COMMAND PID USER FD TYPE DEVICE SIZE/OFF NODE NAME mysqld 23964 mysql cwd DIR 9,3 4096 49549201 /var/lib/mysql mysqld 23964 mysql rtd DIR 9,3 4096 2 / mysqld 23964 mysql txt REG 9,3 56952368 6292097 /usr/sbin/mysqld mysqld 23964 mysql DEL REG 9,3 12858561 /tmp/mysql_temptable.As3HWG mysqld 23964 mysql DEL REG 9,3 12858557 /tmp/mysql_temptable.I4gP0F mysqld 23964 mysql DEL REG 9,3 12858554 /tmp/mysql_temptable.W139aF mysqld 23964 mysql DEL REG 9,3 12858553 /tmp/mysql_temptable.MhBwlE mysqld 23964 mysql DEL REG 9,3 12858551 /tmp/mysql_temptable.mcw0vD mysqld 23964 mysql DEL REG 9,3 12858550 /tmp/mysql_temptable.OFuZ94 mysqld 23964 mysql DEL REG 9,3 12858544 /tmp/mysql_temptable.2ffRvY mysqld 23964 mysql DEL REG 9,3 12858549 /tmp/mysql_temptable.VvXQPw mysqld 23964 mysql DEL REG 9,3 12858541 /tmp/mysql_temptable.KTTZRR mysqld 23964 mysql DEL REG 9,3 12858542 /tmp/mysql_temptable.eMVSbq mysqld 23964 mysql DEL REG 9,3 12858538 /tmp/mysql_temptable.6Kaay

Après les premières lignes, tous les fichiers sont (supprimés). Je pense que c'est le problème, pourquoi ces pointeurs ne sont pas publiés?
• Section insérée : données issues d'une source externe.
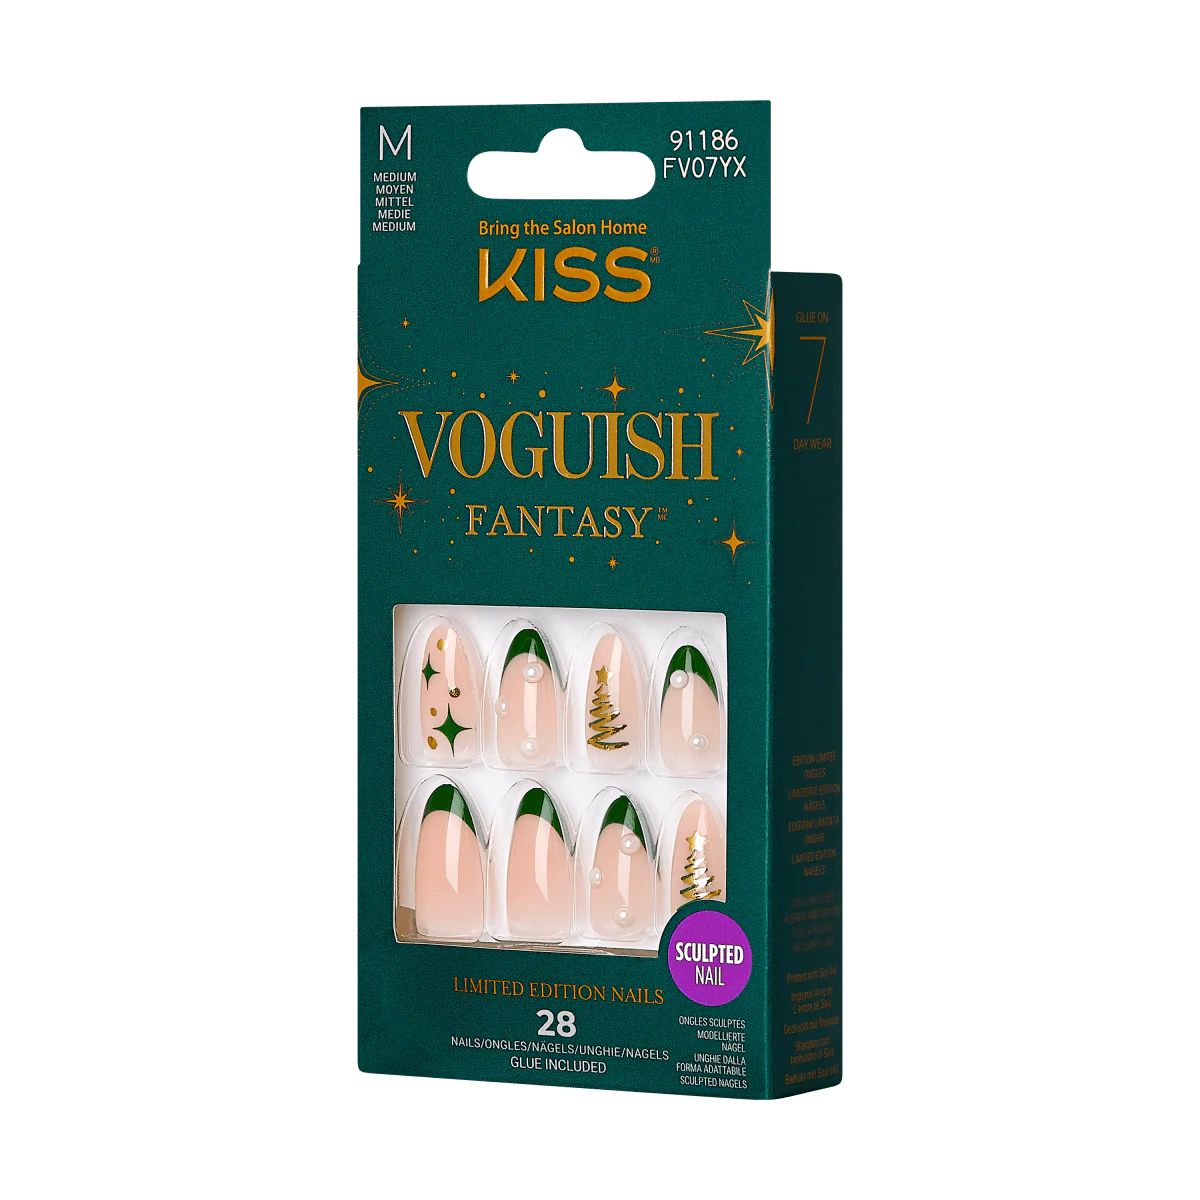 KISS Voguish Fantasy Holiday Press-On Nails, Green, Medium Length, Almond Shaped, 31 Ct. | KISS, imPRESS, JOAH

mysqld 27864 mysql 1658u REG 9,3 1048584 12846342 /tmp/mysql_temptable.wazlKx (deleted) mysqld 27864 mysql 1660u REG 9,3 1048584 12846352 /tmp/mysql_temptable.S5Oo1m (deleted) mysqld 27864 mysql 1662u REG 9,3 1048584 12846343 /tmp/mysql_temptable.l1CZjK (deleted) mysqld 27864 mysql 1666u REG 9,3 1048584 12846366 /tmp/mysql_temptable.VDaTxb (deleted)

2019-02-19: J'ai augmenté certaines limites comme suggéré, et j'ai fait un mysqlcheck --all-databases, sans changement.
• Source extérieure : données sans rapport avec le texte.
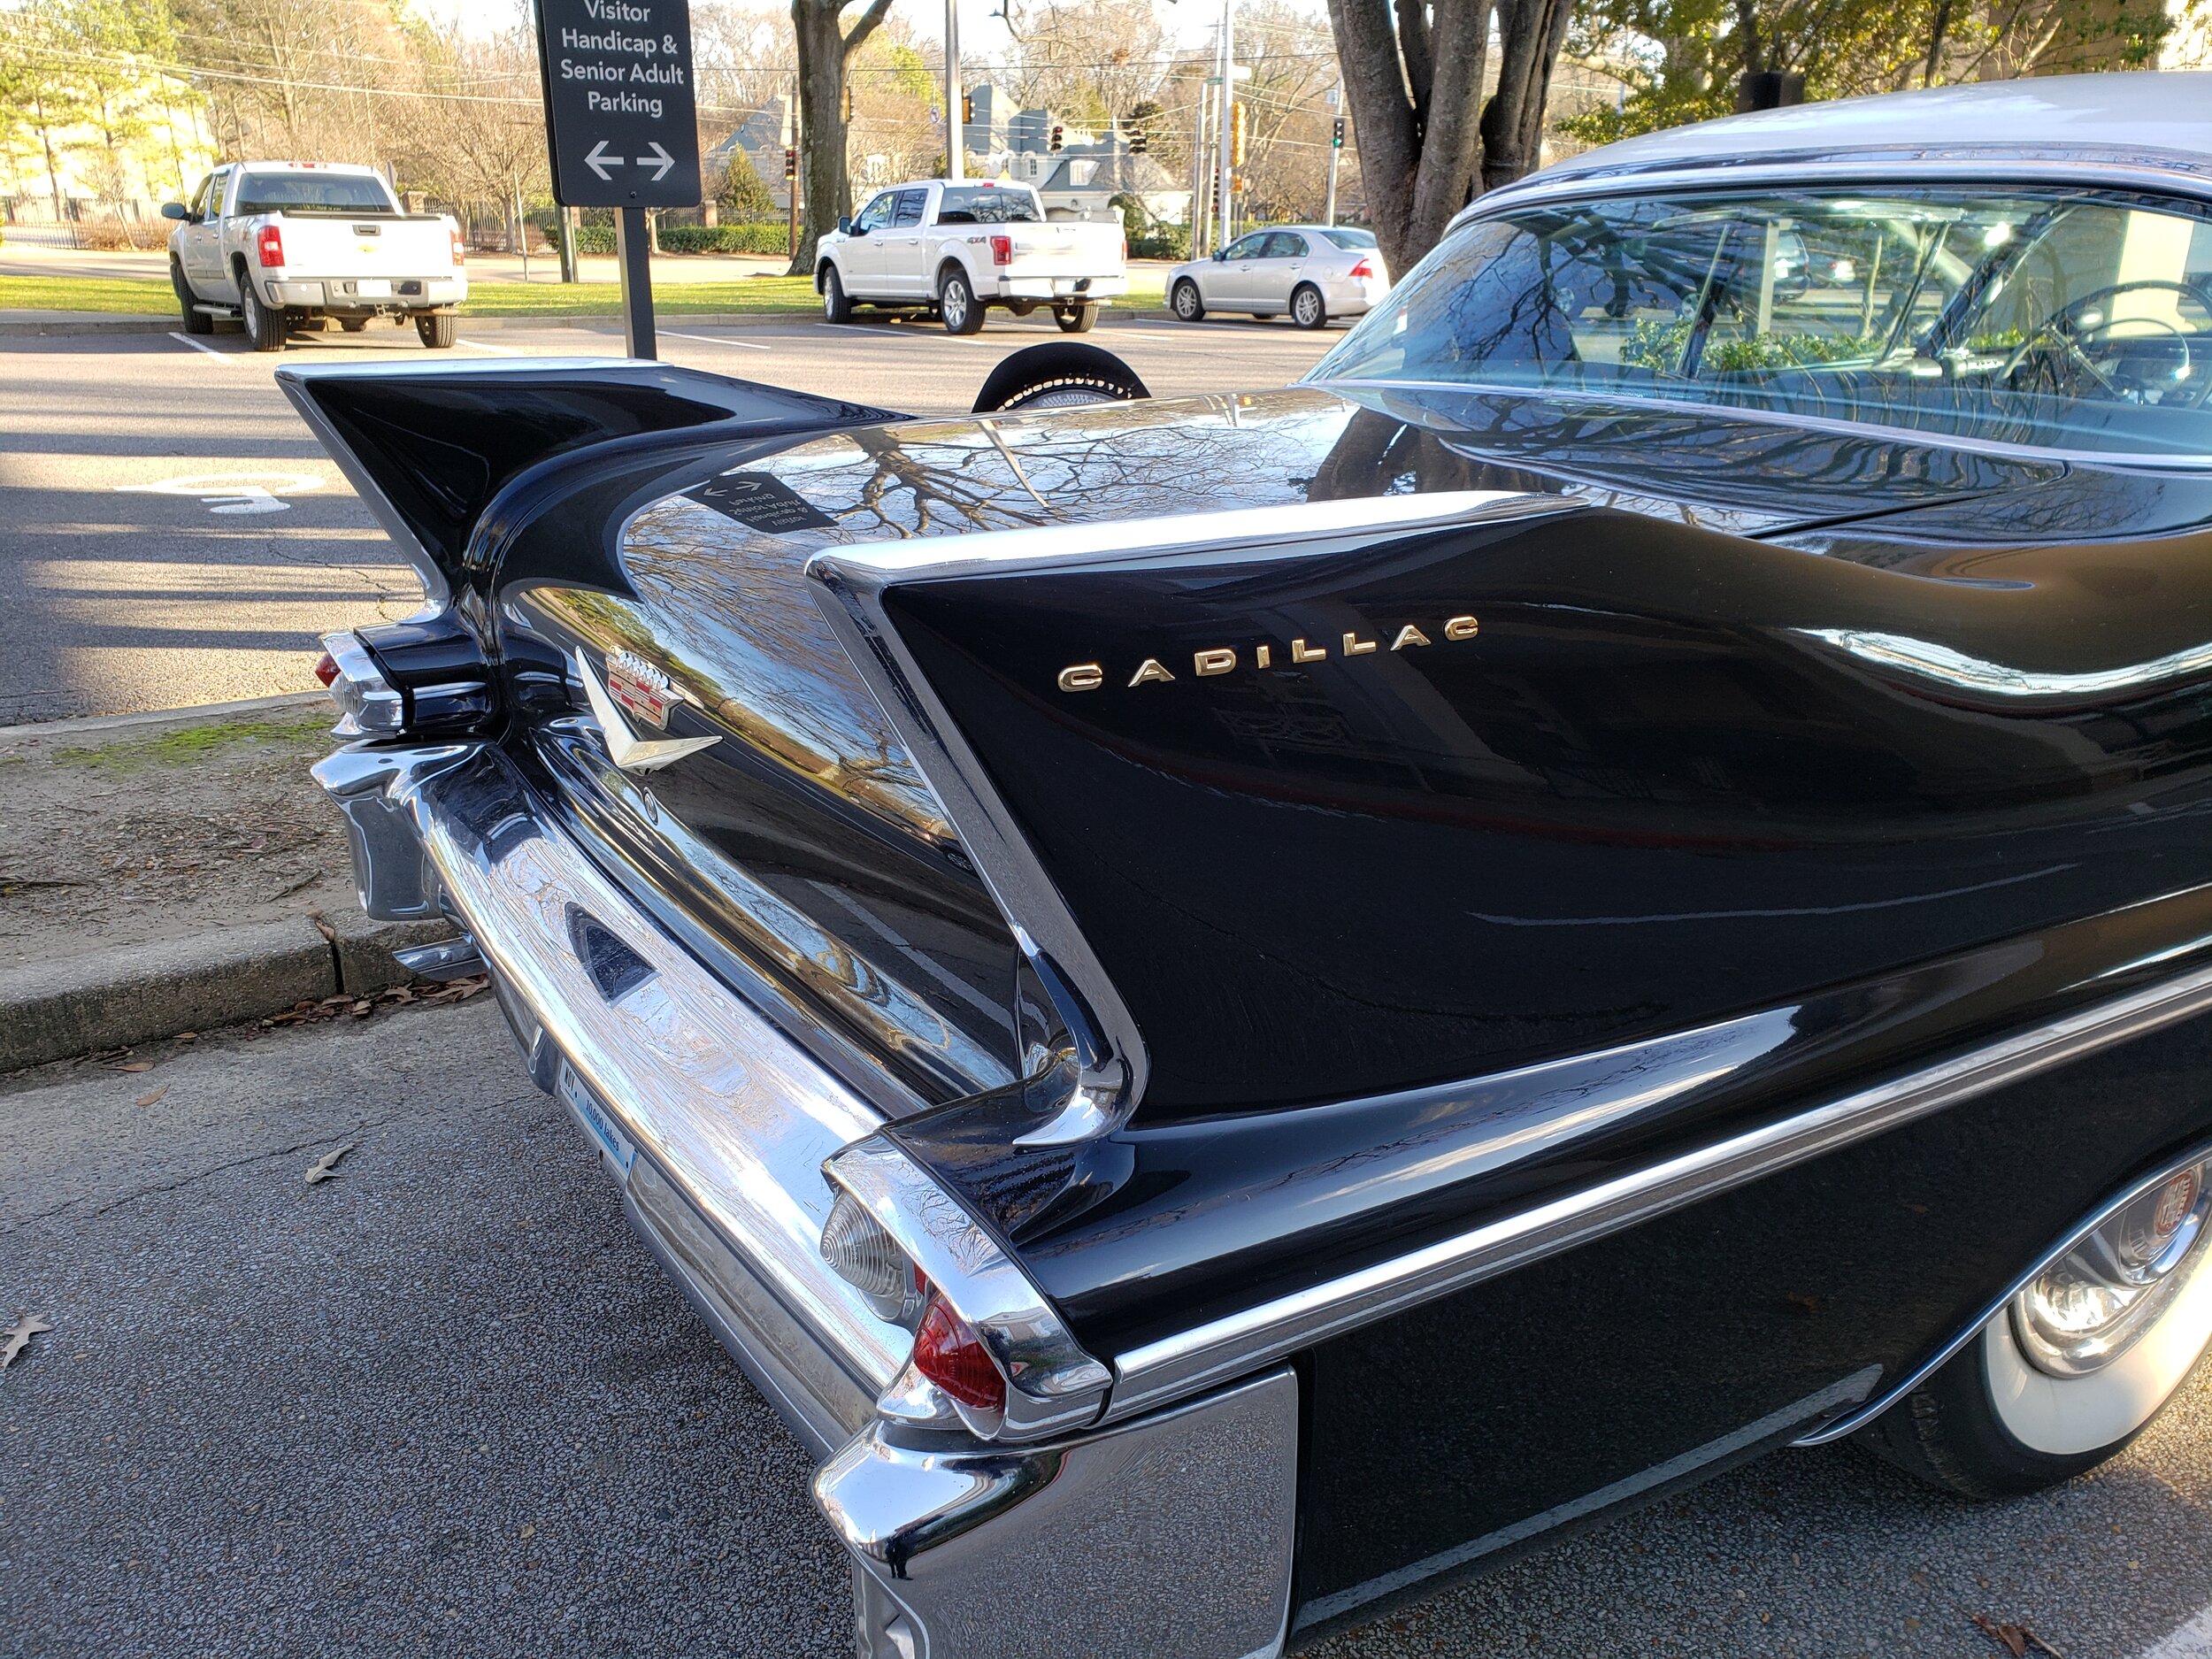 Cadillac getaway wedding car.jpg

Comme écrit dans les commentaires, le nombre de fichiers ouverts ne diminue pas même si j'arrête le trafic.

L'application s'est révélée stable et aucun changement significatif n'a été apporté au code ou à la quantité de trafic dans les jours précédant l'apparition du problème. (Je suis sûr à 100% car ce jour était un jour férié et il n'y a pas de commit sur la branche master)

the_nuts · Accepted Answer

Le problème est un bogue Mysql ( https://bugs.mysql.com/bug.php?id=94185 )

Quoi qu'il en soit, certains réglages ont atténué le problème et arrêté le nombre de fichiers ouverts à augmenter.

Plus précisément, nous définissons:

innodb_lru_scan_depth=100 innodb_flushing_avg_loops=5 thread_cache_size=216

Corrigé à partir de la prochaine version 8.0.16, et voici l'entrée du journal des modifications:

Les variables locales de thread statique définies à la mauvaise portée n'ont pas été libérées à la sortie du thread.

Wilson Hauck · Answer

Pour commencer, considérez max_connections = 500 plutôt que 1000 pour réduire considérablement votre empreinte RAM compte tenu du détail de max_connections_used de 221 lorsque votre événement d'échec d'assertion a été documenté.

La plupart des configurations que je vois ont tmp_table_size = 1G max_heap_table_size = 512M de tailles identiques.